Sammy Pahal, MD, UK PropTech Association explained that PropTech is enabling digitisation of the entire property lifecycle – from planning and design, through to construction, sales, renting, and maintenance. In recent years, simple advances in the capability and availability of technology have driven innovation. The 700 or more companies in the PropTech Association’s membership have needs and expectations that have changed, and major improvements are needed in various design and sales processes, not least to meet sustainability goals.
A wealth of PropTech data is being generated, day and night. This enables companies to better assess risk, identify opportunities, and optimise buildings.

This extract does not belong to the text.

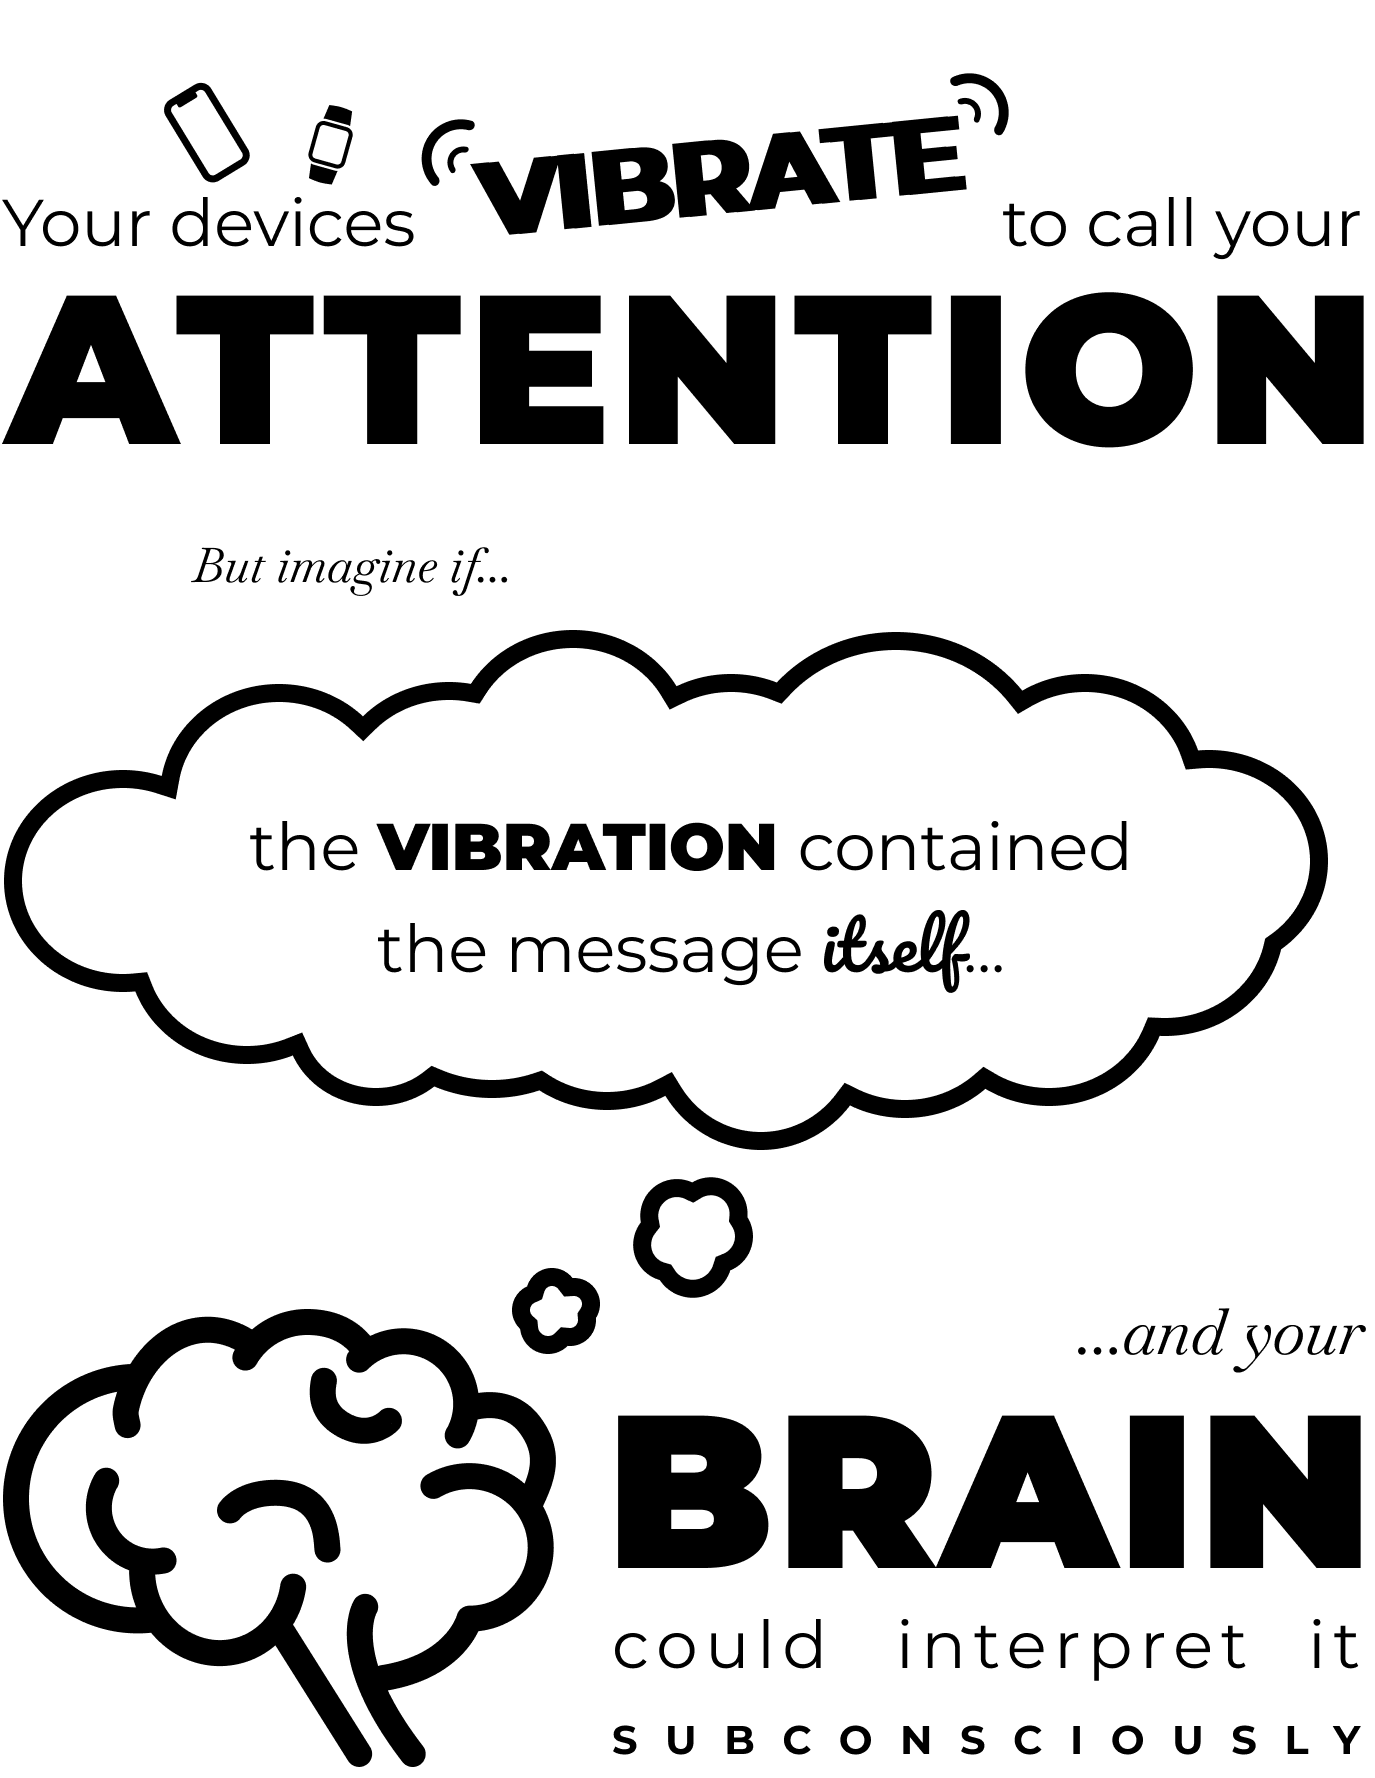 Dina enheter vibrerar för att kalla på din uppmärksamhet. Men föreställ dig att vibrationerna innehöll själva meddelandet och att din hjärna kunde tolka det undermedvetet.

It also enabled construction firms to create more realistic data models to inform planning; identifying development potential that might not otherwise be possible; reducing carbon emissions by optimising se of energy, and monitoring space occupancy to optimise its use. Site identification has been made easier, las ow occupancy fuels repurpose. Due to many businesses closing, unfortunately, data and analytics must be available to make smarter decisions about buildings are used – and how spaces might be aligned to customer demands. “The pandemic has highlighted the need to streamline processes,” said Sammy, “however, with persistent efforts from the PropTech community, we can achieve ambitious targets.”
She introduced delegates to some of the outcomes being delivered now, by greater adoption of the UPRN throughout the PropTech community. New analytics’ platforms are integrating with building managements systems – and this is key to carbon targets, and the many other outcomes that depend on having granular information about the nature of properties and the needs of their residents or users. The UPRN is key to collate data sets that are otherwise fragmented. Widespread adoption will enable smarter, more sustainable spaces, but greater collaboration is needed between the private and public sector. That said, streamlining sales will be possible soon by bringing everyone together, faster. At the moment, the conveyancing process itself is far too long – planning is full of legacy nuances, and what’s needed is a reduction in the number of stakeholders, improving workflow management, mitigating errors, and sharing data between parties and online portals early on.